Activity »
Print the data that follows word for word, leaving out any picture.

Source material »
_____

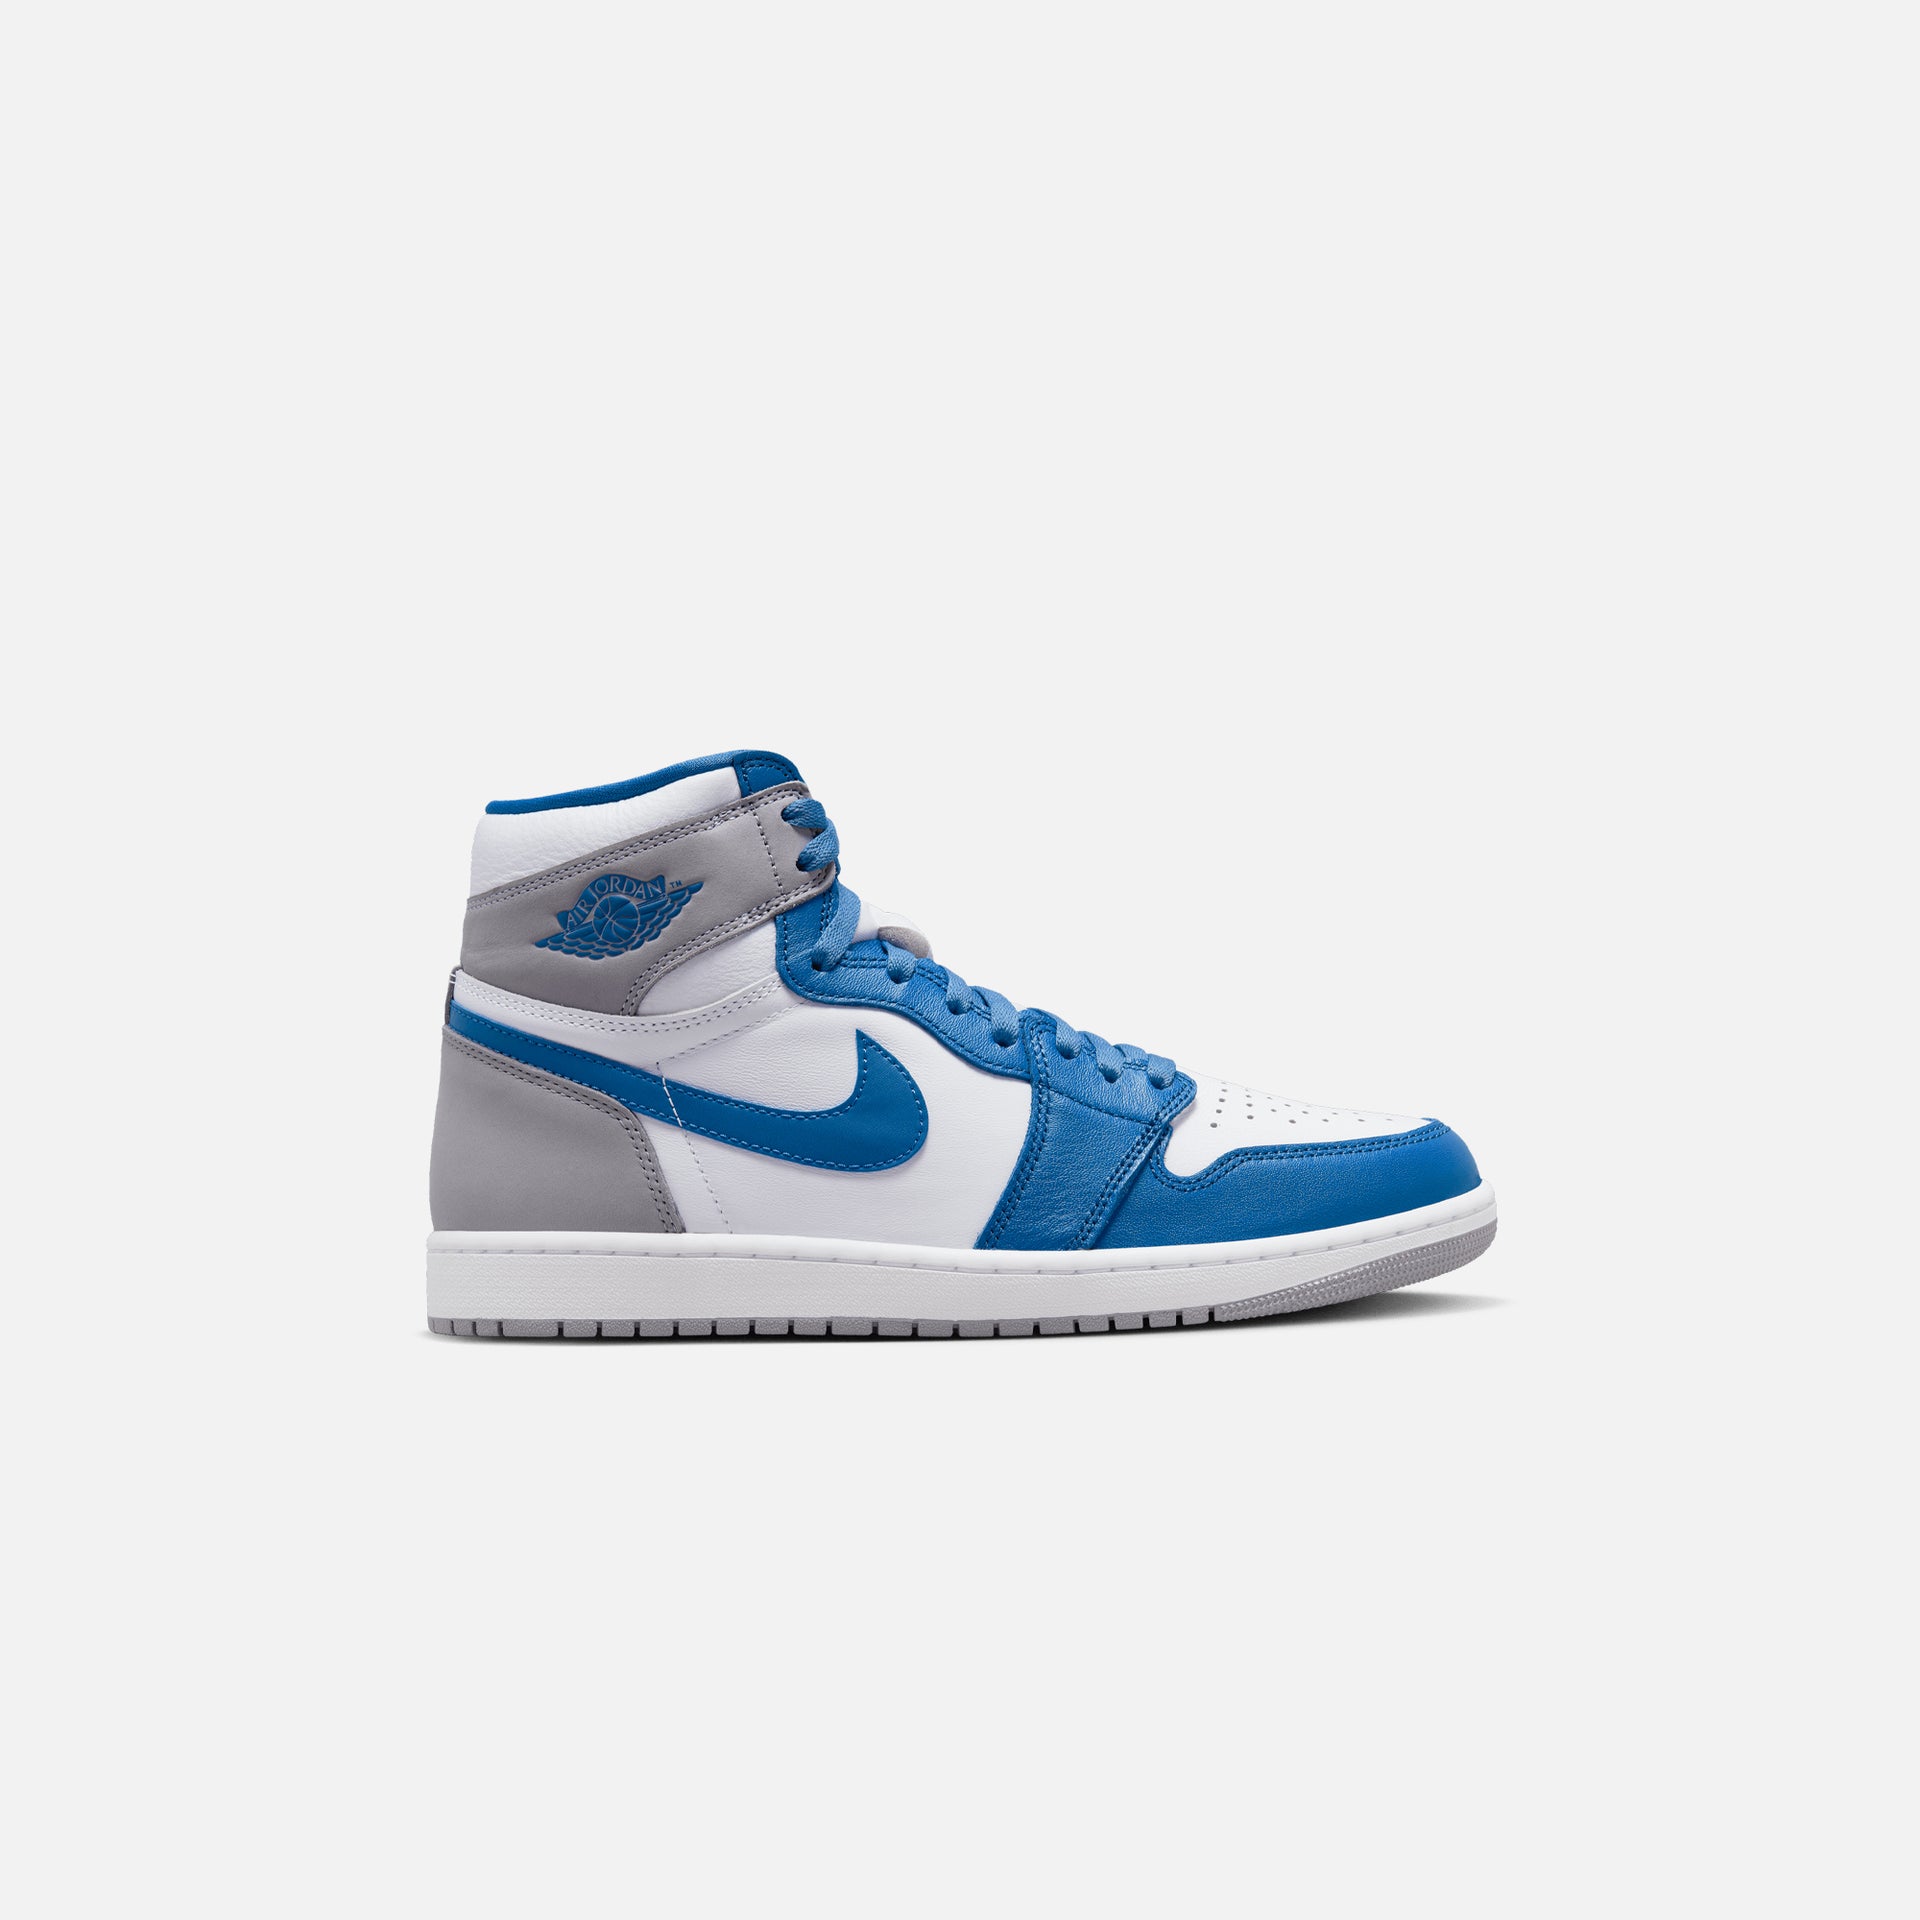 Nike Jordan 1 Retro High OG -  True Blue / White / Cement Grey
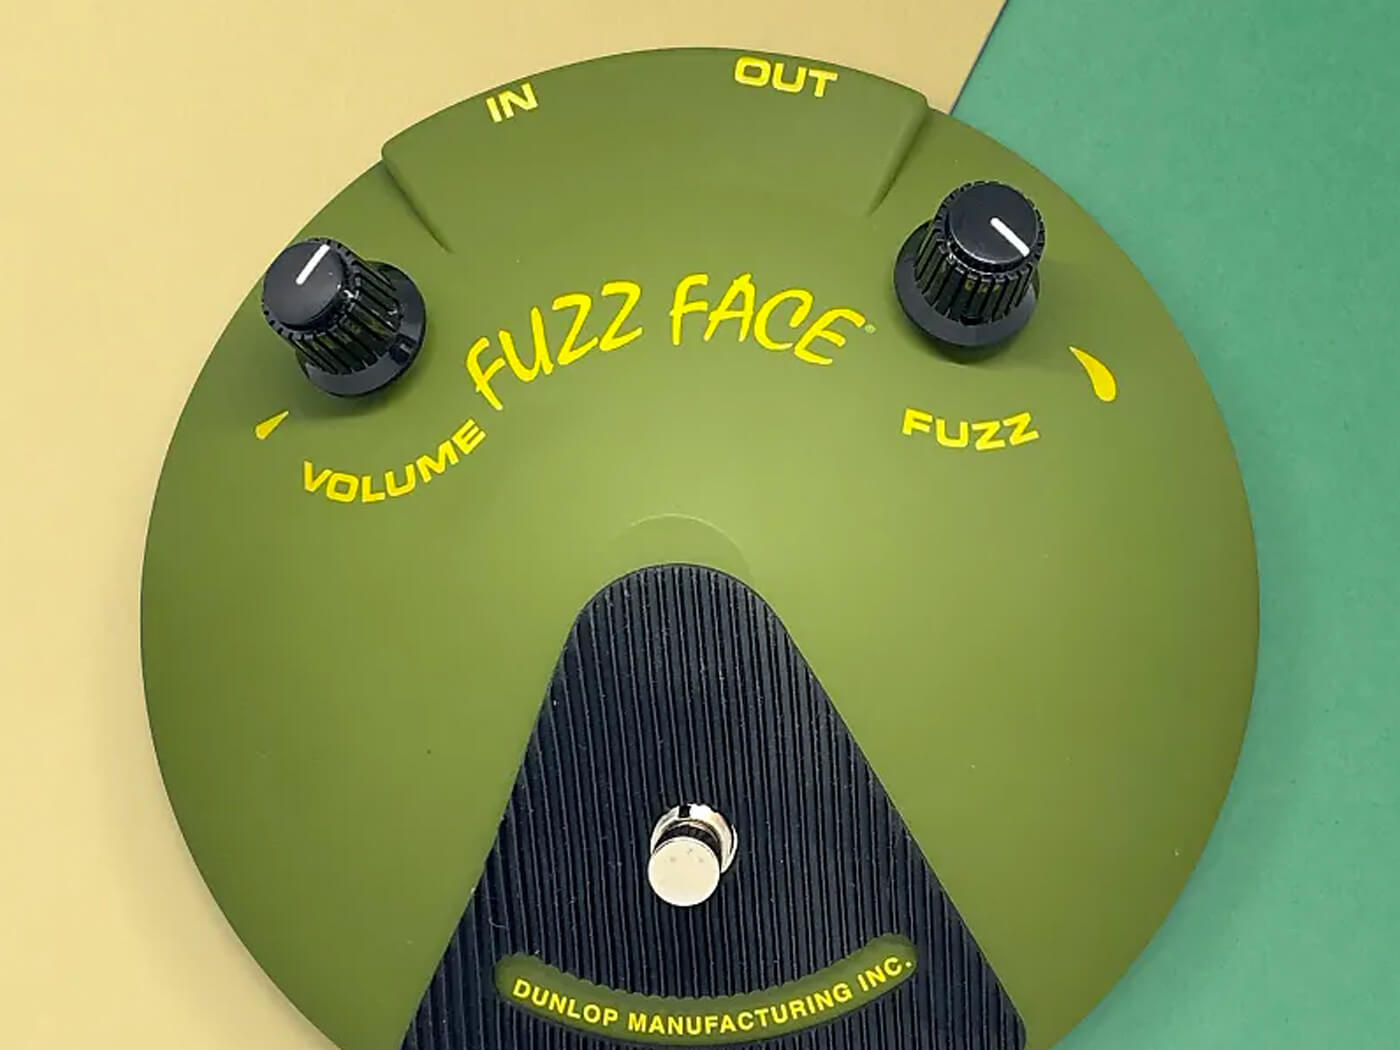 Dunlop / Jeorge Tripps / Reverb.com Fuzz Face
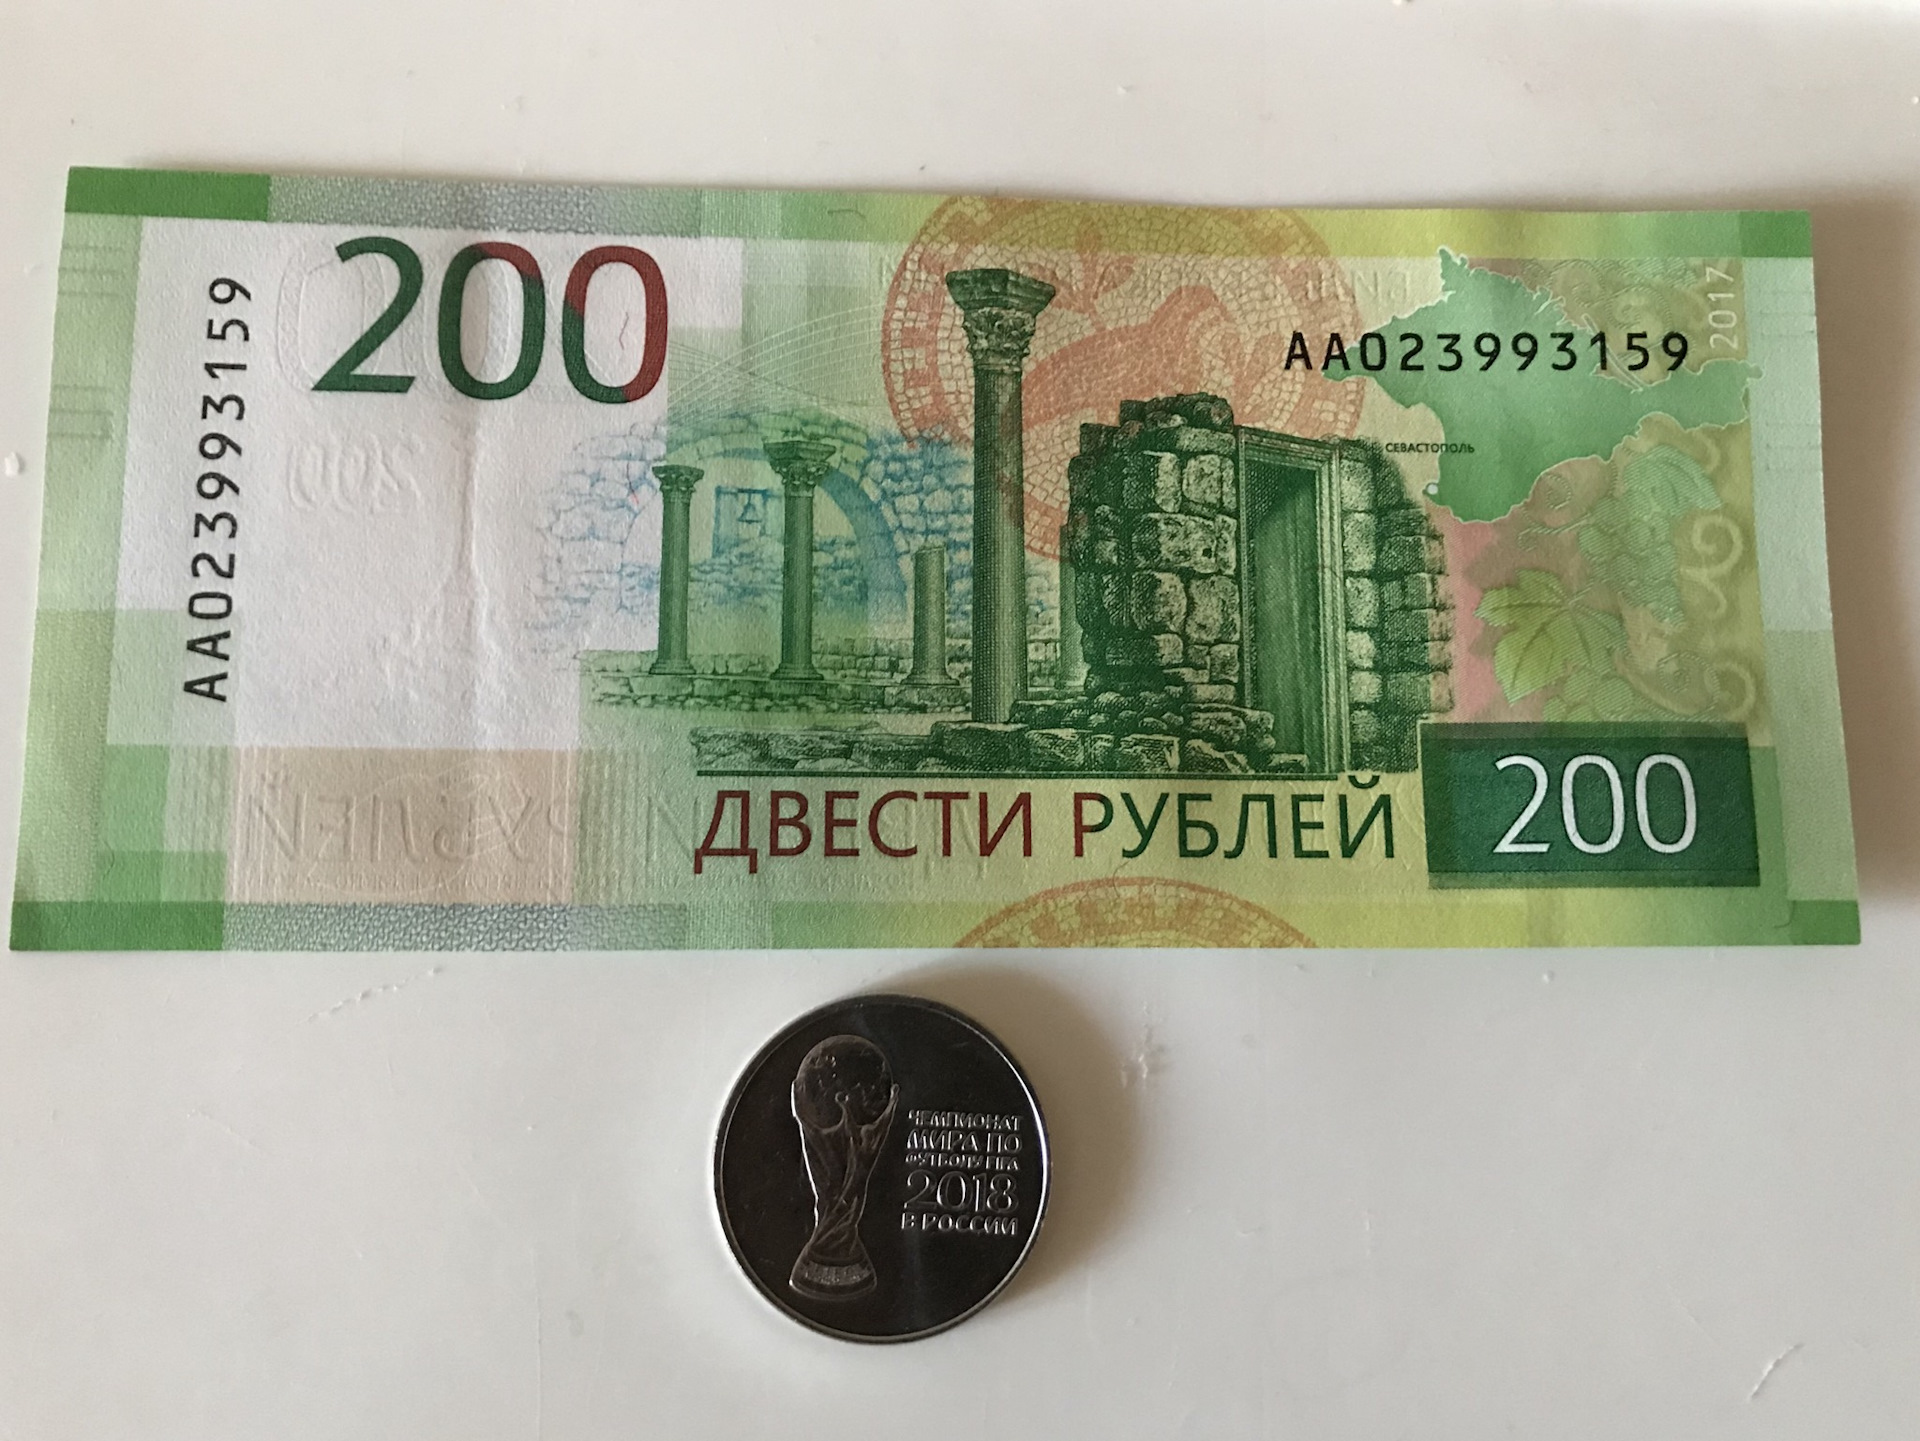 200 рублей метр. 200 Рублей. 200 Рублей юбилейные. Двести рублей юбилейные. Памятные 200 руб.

_____

Answer box »
 Nike Jordan 1 Retro High OG -  True Blue / White / Cement Grey
 Dunlop / Jeorge Tripps / Reverb.com Fuzz Face
 200 рублей метр. 200 Рублей. 200 Рублей юбилейные. Двести рублей юбилейные. Памятные 200 руб.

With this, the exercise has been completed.